Following the subprime crisis in the global market, the foreign operations of ICICI Bank, India’s second largest bank, had reported a mark-to-market (MTM) loss of $264.34 million (around Rs 1,060 crore) from its exposure to credit derivatives and investments as on January 31 this year. The bank said investment losses caused by market turmoil in the wake of the subprime crisis could wipe up to 9 per cent off this year’s profit.
The bank’s shares tanked by about 9 per cent on the Bombay Stock Exchange after Union minister of state for finance P K Bansal, in a written reply to a question in Rajya Sabha, put the MTM losses of the bank at $ 264.34 million as on January 31, 2008.
“We don’t have any direct exposure to subprime. It’s not technically a subprime loss,” joint managing director Chanda Kochhar told reporters.

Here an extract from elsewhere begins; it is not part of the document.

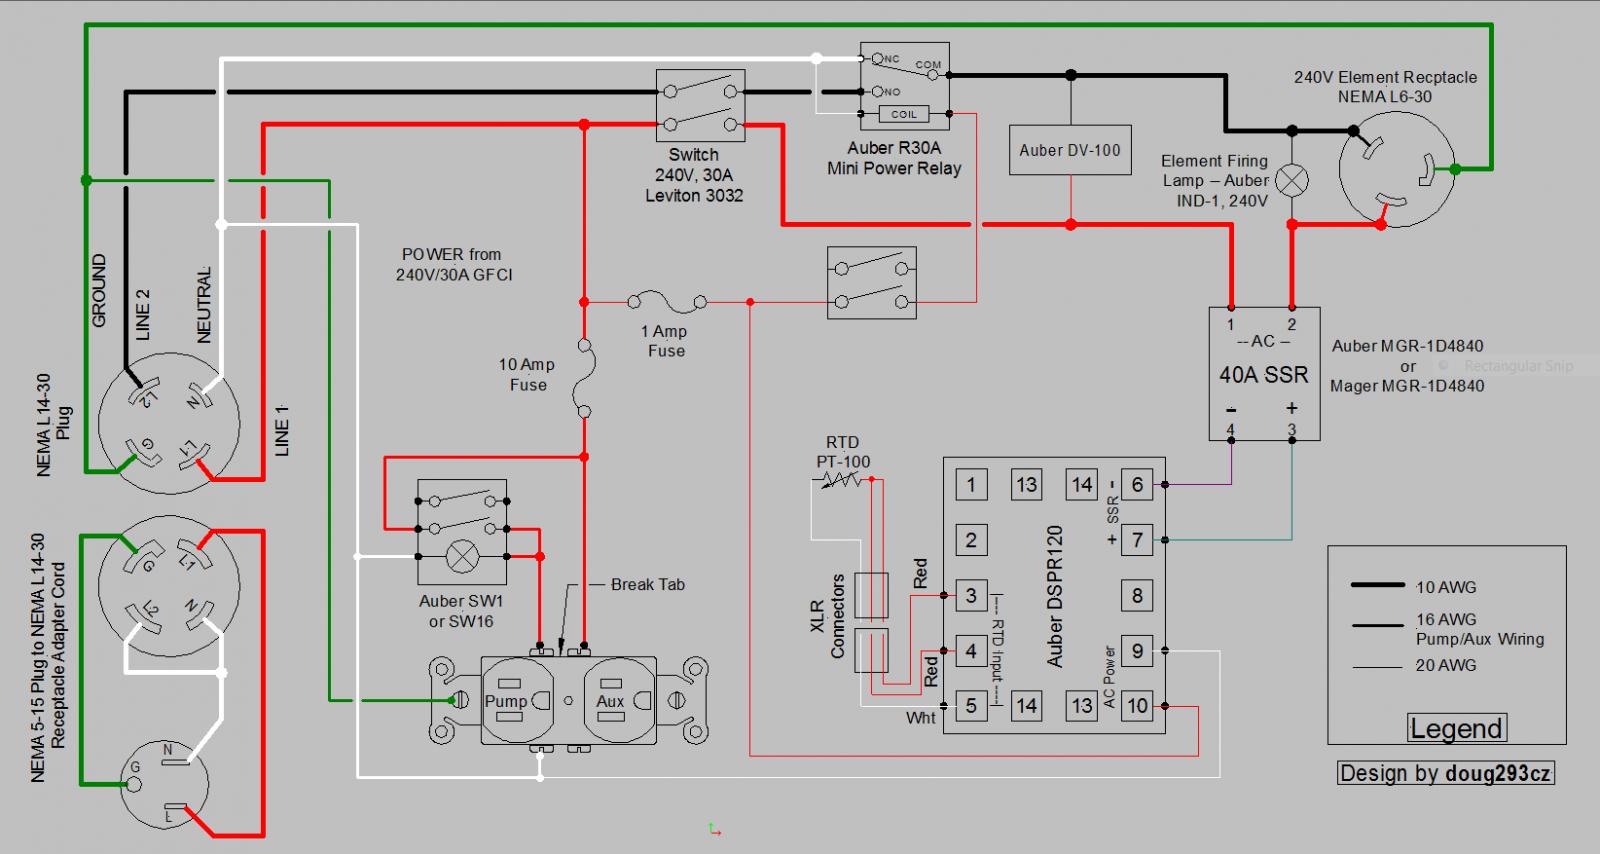 dspr120-dv-100-1-pump-1-aux-dual-voltage-input-output-jpg.379978

She said the bank will book ‘mark-to-market’ loss of $70 million on its investments in this quarter as credit spreads have widened due to subprime crisis. “We have accounted for the loss of about $ 90 million up to December 2007. In this quarter, we have provided for a marked-to-market loss of about $70 million - $ 50 million in ICICI Bank and another $ 20 million in ICICI Bank subsidiaries,” Kochhar said.
ICICI Bank and its overseas banking subsidiaries have an aggregate exposure of $ 2.2 billion in credit derivatives. As of January 31, 2008, the mark-to-market negative on this portfolio due to movement of credit spreads was about $ 155 million of which $ 88 million had been provided for in the bank ‘s financial statements for the nine months ended December 2007.